NATIONAL HOME CENTERS, INC. v. Coleman

283 S.W.3d 218, 373 Ark. 246, 2008 Ark. LEXIS 258
CourtSupreme Court of Arkansas
DecidedApril 17, 2008
Docket07-977
StatusPublished
Cited by1 cases

This text of 283 S.W.3d 218 (NATIONAL HOME CENTERS, INC. v. Coleman) is published on Counsel Stack Legal Research, covering Supreme Court of Arkansas primary law. Counsel Stack provides free access to over 12 million legal documents including statutes, case law, regulations, and constitutions.

Bluebook
NATIONAL HOME CENTERS, INC. v. Coleman, 283 S.W.3d 218, 373 Ark. 246, 2008 Ark. LEXIS 258 (Ark. 2008).

Opinion

Annbabelle Clinton Imber, Justice.

The instant appeal requires this court to analyze the issue of whether a lis pendens filed in conjunction with a creditor’s foreclosure action serves to bar the future claim of a materialman when its materialman’s lien is filed with the county recorder’s office after the lis pendens is filed, and the foreclosure action proceeds to final judgment without joinder of the materialman as a party to the action. In light of the facts in this case, we conclude that it does.

On August 13, 2004, Coleman Construction, LLC, granted Appellee Regions Bank a note and construction mortgage on the property described as

Lot 51, Pebble Beach Woods Addition to the City of Little Rock, Pulaski County, Arkansas. Also known as 2600 Valley Park Drive, Little Rock, Arkansas.

Within a few months, Coleman defaulted on the loan by ceasing construction on the property.

On January 4, 2005, Regions filed a complaint of foreclosure in the Pulaski County Circuit Court and a lis pendens in the county recorder’s office. The complaint listed Coleman Homes, LLC, and Stephen G. Coleman and Debra J. Coleman, individually, as defendants but did not list any other parties. On March 7, 2005, the circuit court entered a foreclosure decree in favor of Regions, and at the Commissioner’s sale on June 13, 2005, Regions purchased the property. Subsequently, Regions sold the property to Appellee Cain Construction, Inc., and obtained a construction mortgage on the property.

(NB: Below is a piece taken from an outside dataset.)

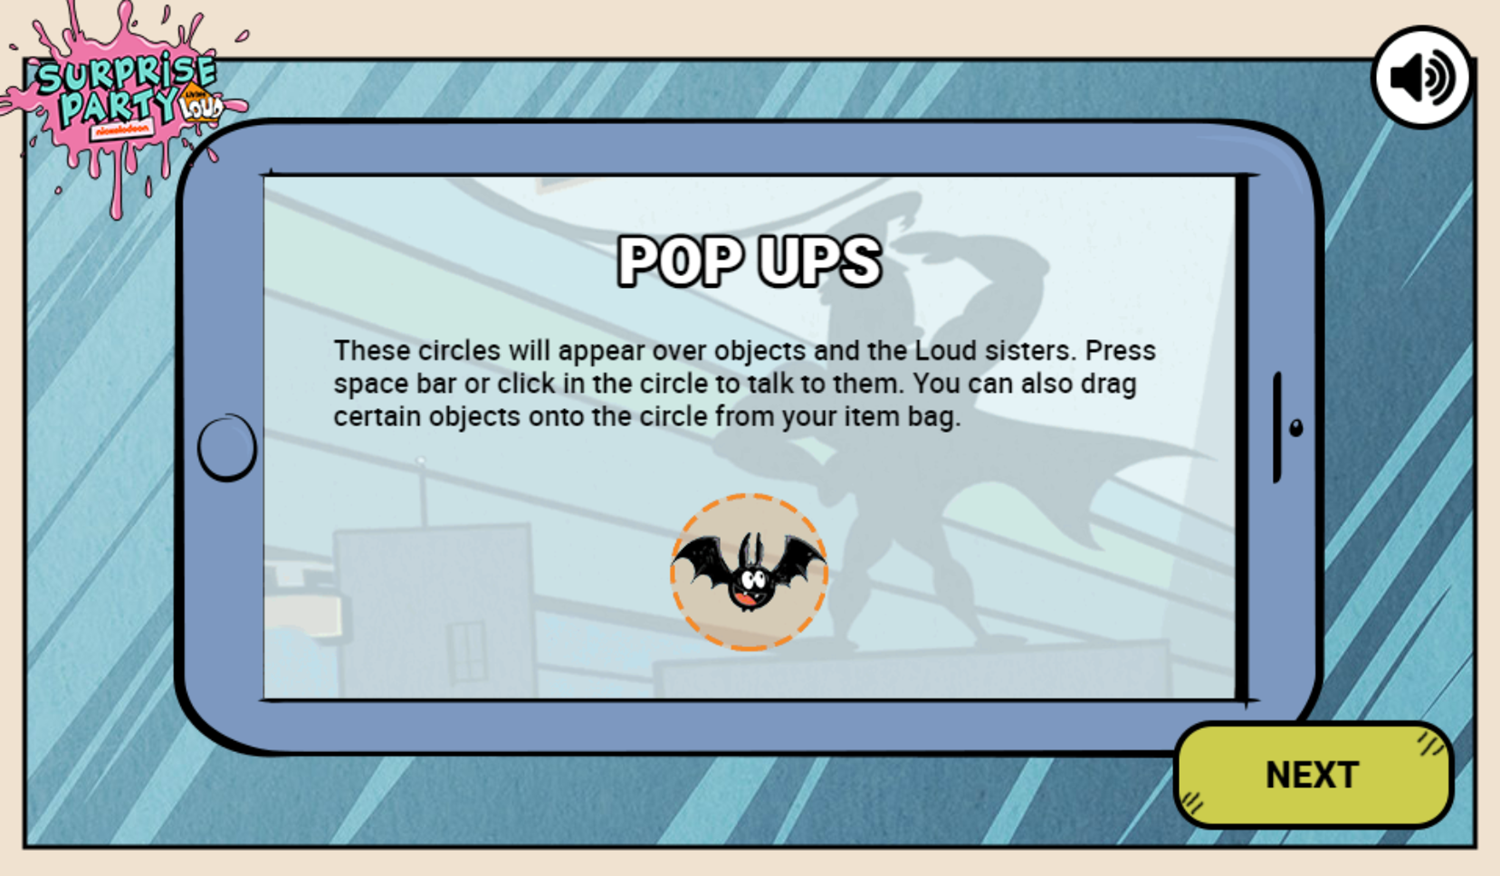 Loud House Surprise Party Game Instructions Screenshot.

Meanwhile, on January 25, 2005, Appellant National Home Centers, Inc., a materials supplier for Coleman, filed a material-man’s lien on the same property. Over a year later, in April 2006, National Home Centers filed a complaint in foreclosure against the property. The complaint listed as defendants Coleman Homes, LLC, the Colemans individually, Cain Construction, Inc., Newoods, Inc., and Regions Bank.

In response, Regions and Cain filed a joint motion for summary judgment. In the motion, they alleged that National Home Centers’s materialman’s lien was filed after the lis pendens in Regions’s foreclosure action, and, therefore the materialman’s lien was subject to the outcome of that litigation, and National Home Centers was barred from bringing its own foreclosure action. National Home Centers filed a cross-motion for summary judgment and made several arguments in rebuttal to Regions’s motion.

After a hearing on the motions, the circuit court entered an order granting summary judgment in favor of Regions and Cain and denying National Home Centers’s summary-judgment motion. The order also granted National Home Centers a default judgment against Coleman.

National Home Centers filed an initial appeal from that order, but this court remanded the case for further settling of the record because the circuit court’s order did not dispose of Newoods, Inc., and, therefore, was not a final appealable order. See Nat’l Home Ctrs., Inc. v. Coleman, 370 Ark. 119, 257 S.W.3d 862 (2007). After an amended order was entered granting National Home Centers a default judgment against Newoods, National Home Centers filed the instant appeal. National Home Centers raises five points on appeal: (1) that Regions’s lis pendens was a nullity because it was filed before Regions’s foreclosure complaint; (2) the lis pendens statute does not apply to holders of material-man’s liens because a materialman’s lien relates back to the time when materials were supplied; (3) the lis pendens had no effect against National Home Centers because it was not joined as a defendant in Regions’s foreclosure action, and the circuit court’s foreclosure decree indicated that it only applied to the listed defendants; (4) there exists a genuine issue of material fact as to whether the “unclean hands” doctrine should be applied to Regions; and (5) the circuit court erred in denying National Home Centers’s summary-judgment motion.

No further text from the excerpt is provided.